# "Hallo, ich würde dich gerne kennenlernen" 0906-spam Schweiz



## Unregistriert (8 Januar 2007)

*AW: voice date wurde aufgezeichnet.. haha... 0190-spam per sms*

Neuerdings scheint +20105996500 auch in der Schweiz aktiv zu sein:

"Hallo! Ich würde Dich gerne kennen lernen!!! Ruf mich doch gleich zurück auf 044 999 09 15! Ich warte gespannt auf Dich! Liebe Grüsse. Sandra M."

Unter der Telefonnummer gibts auch niergends einen Eintrag.
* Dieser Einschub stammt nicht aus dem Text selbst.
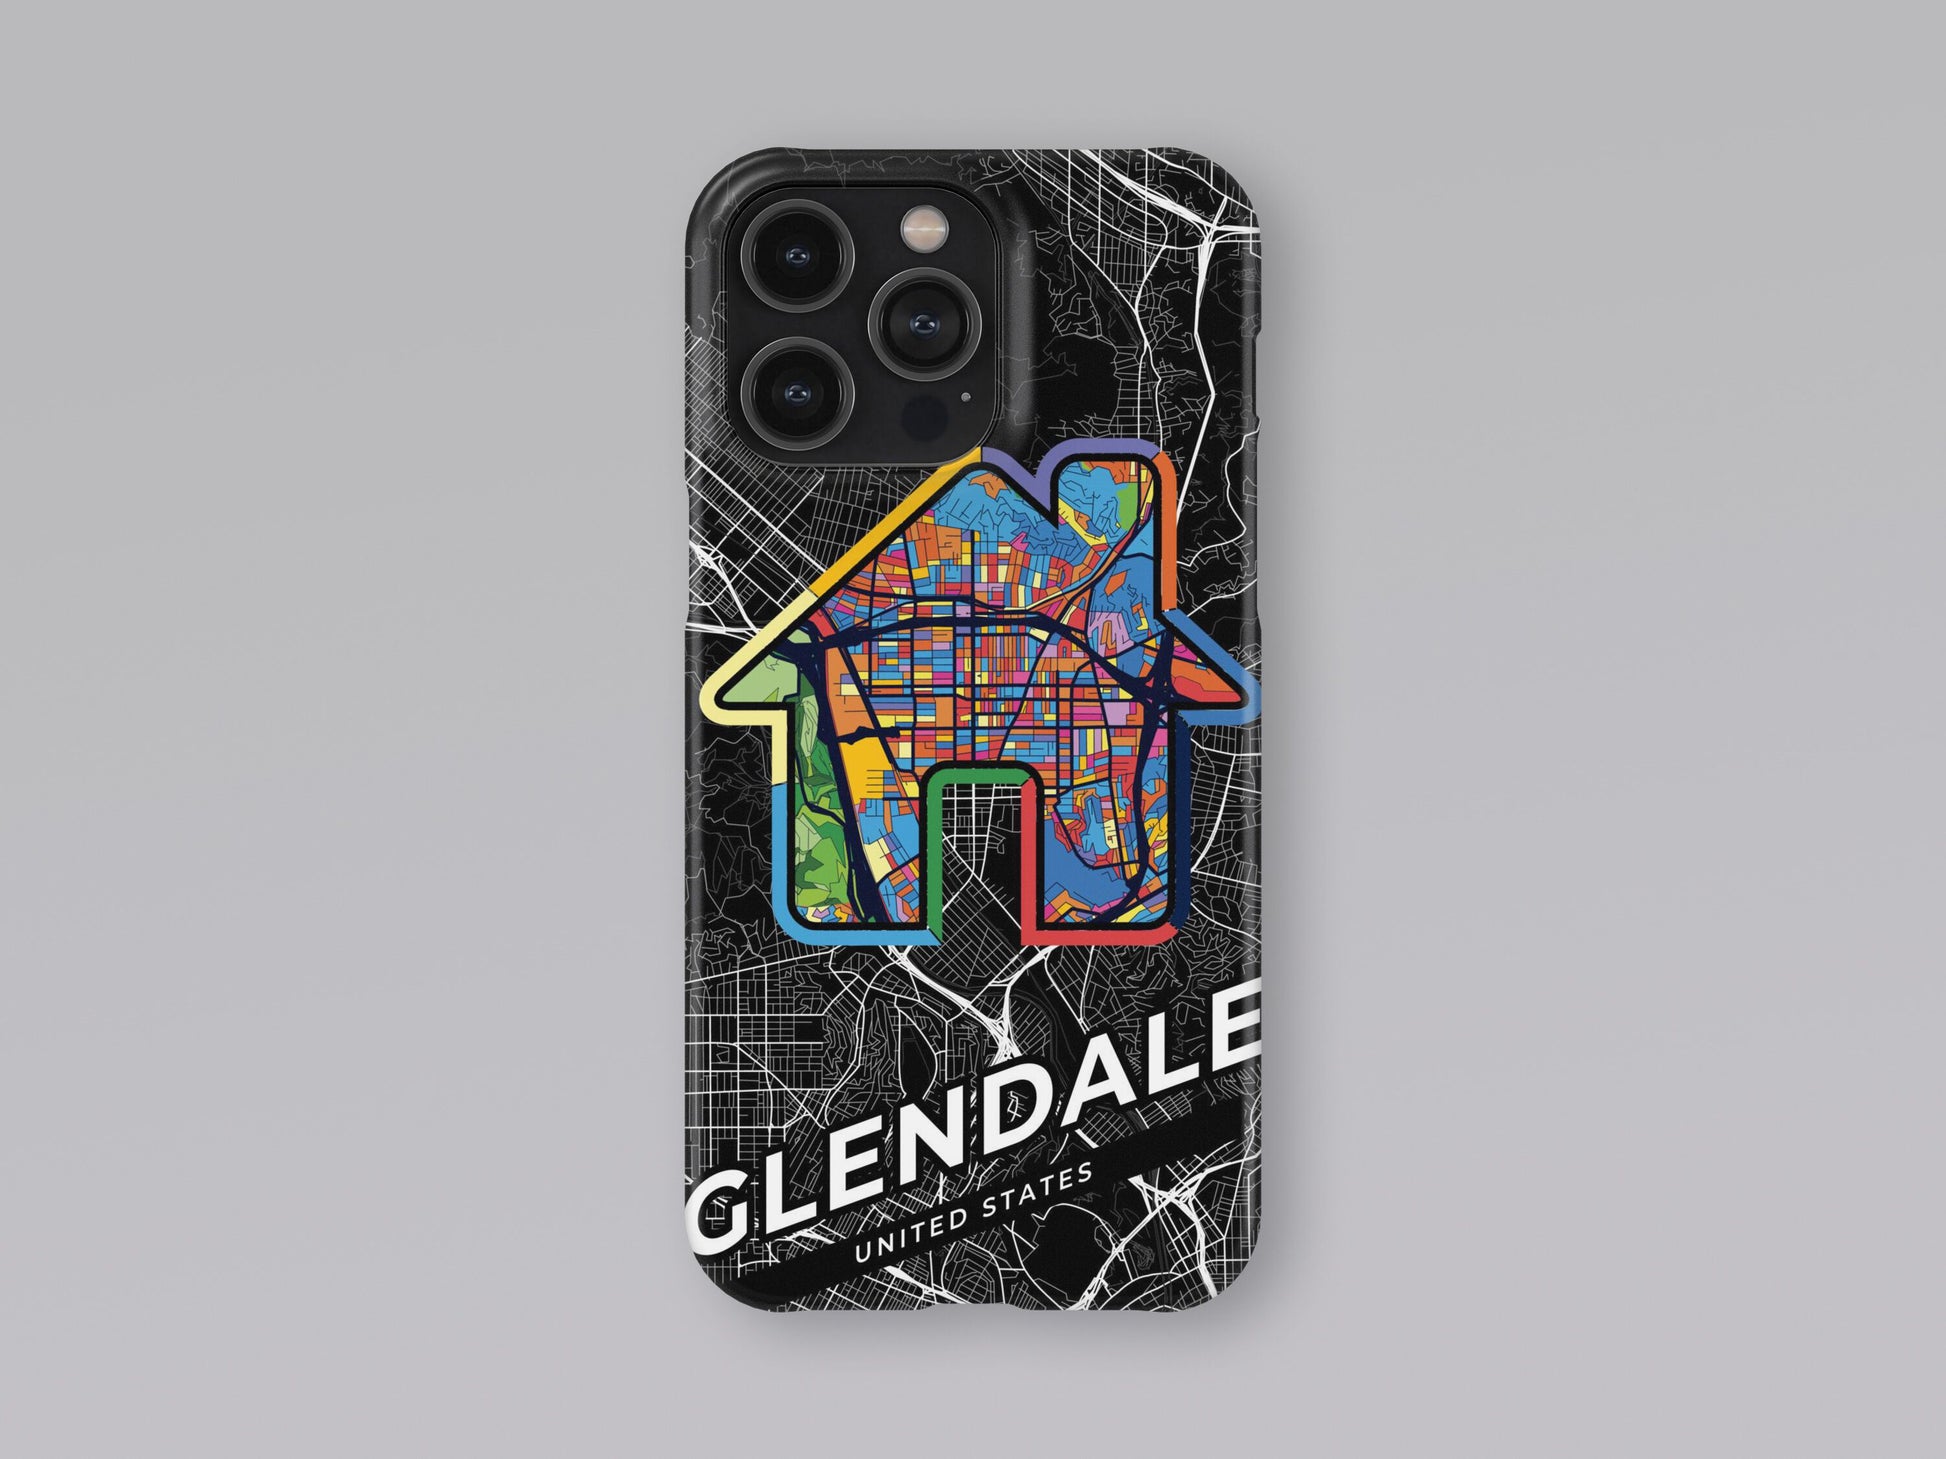 Glendale California slim phone case with colorful icon. Birthday, wedding or housewarming gift. Couple match cases. 3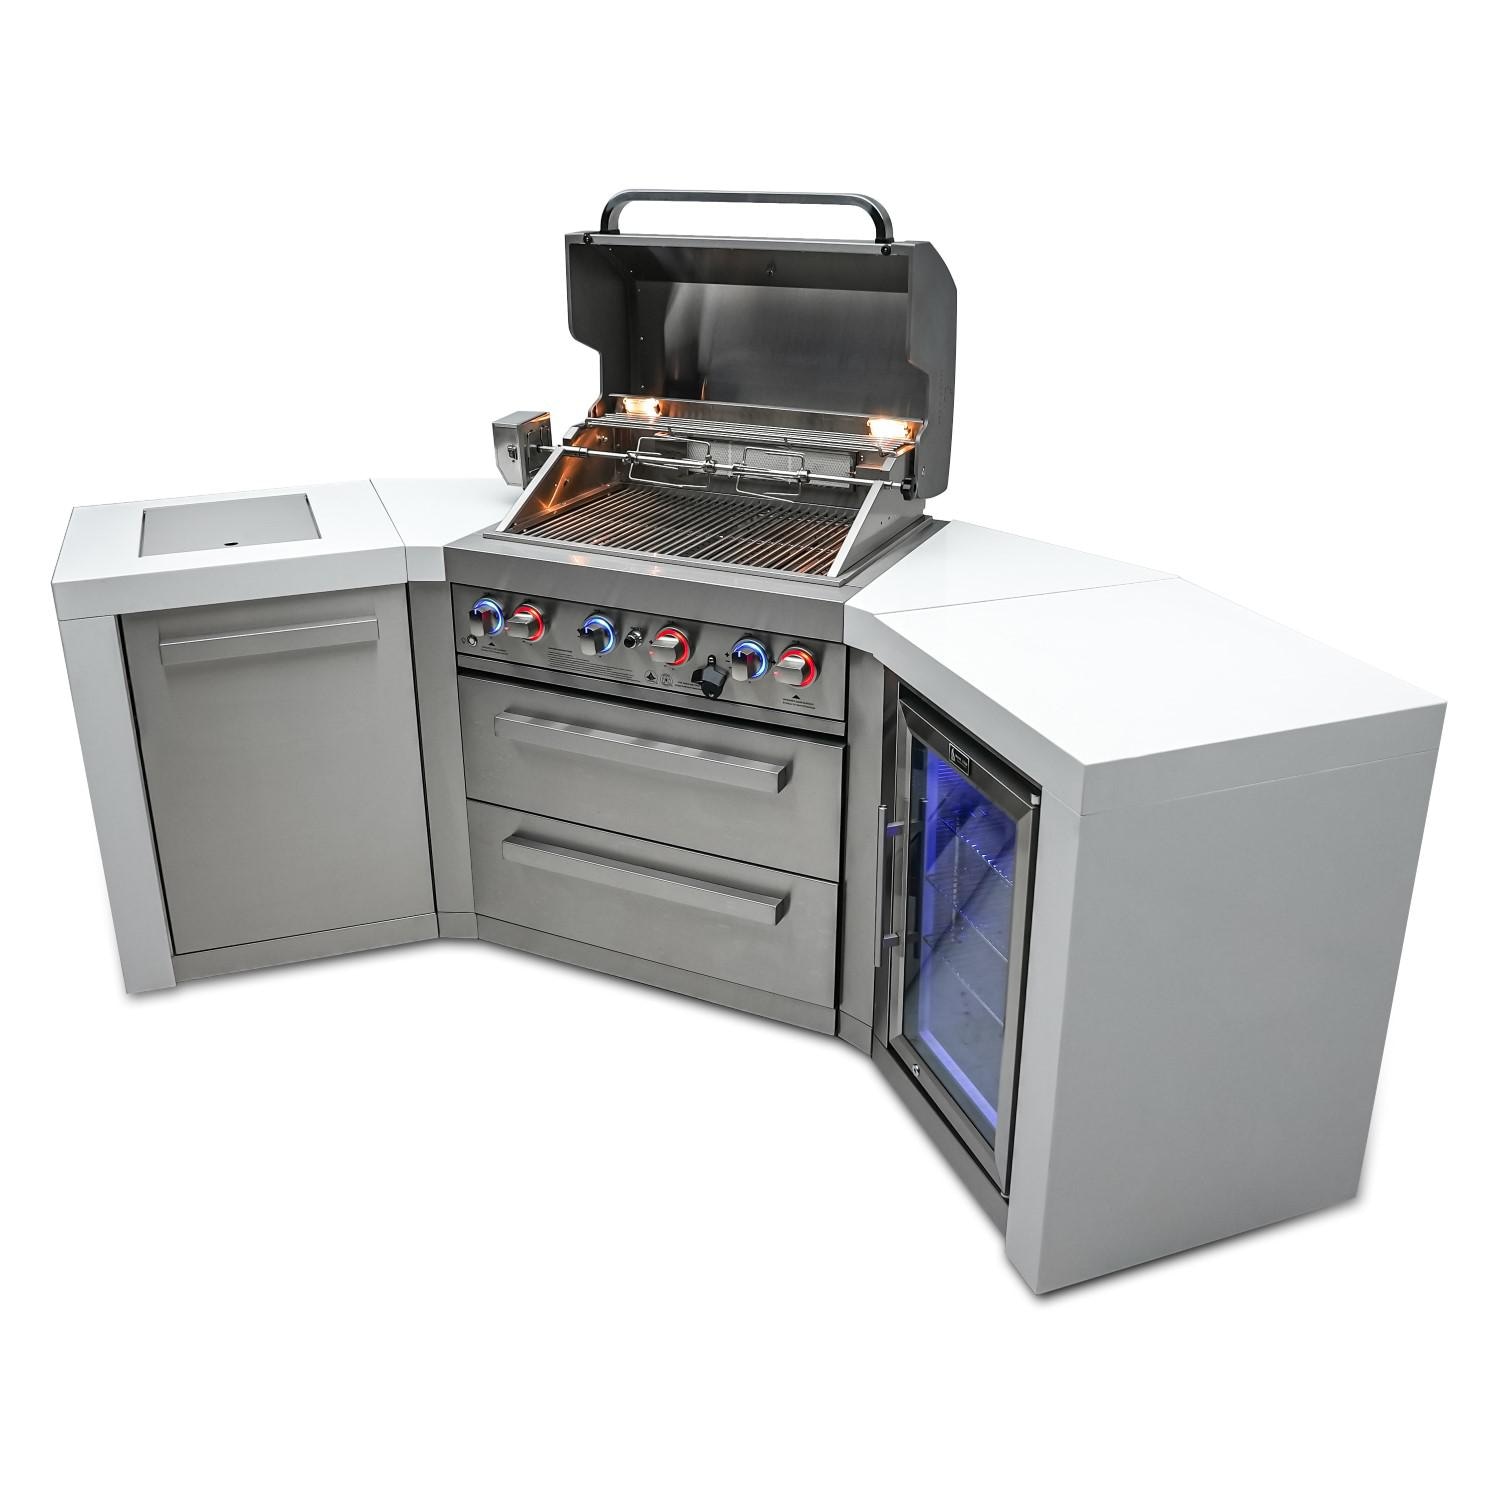 Mont Alpi 400 Deluxe 45 Degree Propane Gas Island Grill W/ Refrigerator Cabinet, Infrared Side Burner, & Rotisserie Kit - MAi400-D45FC - image 3 of 6

Na, dann lassen wir Sandra halt warten!


----------



## Unregistriert (8 Januar 2007)

*AW: voice date wurde aufgezeichnet.. haha... 0190-spam per sms*

Genau sowas hab ich auch erhalten, aber leider weiss ich ned wie ich rausfinden kann, wer die *** (<= nicht so ganz jugendfrei) ist welcher mir das schrieb. Achja, weiss jemand was fürn anschluss den hinter der 044 999 0915 steckt? Ich will da ned anrufen, aber falls jemand das aus versehen doch gemacht hat, sag doch plz was das war, nur abzocke???

die 20105996500 ist glaub ich n ägyptischer internet dienst bei welchem man sms anonym versenden kann, da ich kein techie bin hab ich das auch ned so genau verstanden.

FG


----------



## Schnuffyg (7 Mai 2007)

*AW: voice date wurde aufgezeichnet.. haha... 0190-spam per sms*

Hab die SMS heute auch bekommen, das tolle daran ist, das mein Handy die nicht lesen kann und ich somit auch keine Nummer zum zurückrufen hab 

Aber gut zu wissen was dahinter steckt...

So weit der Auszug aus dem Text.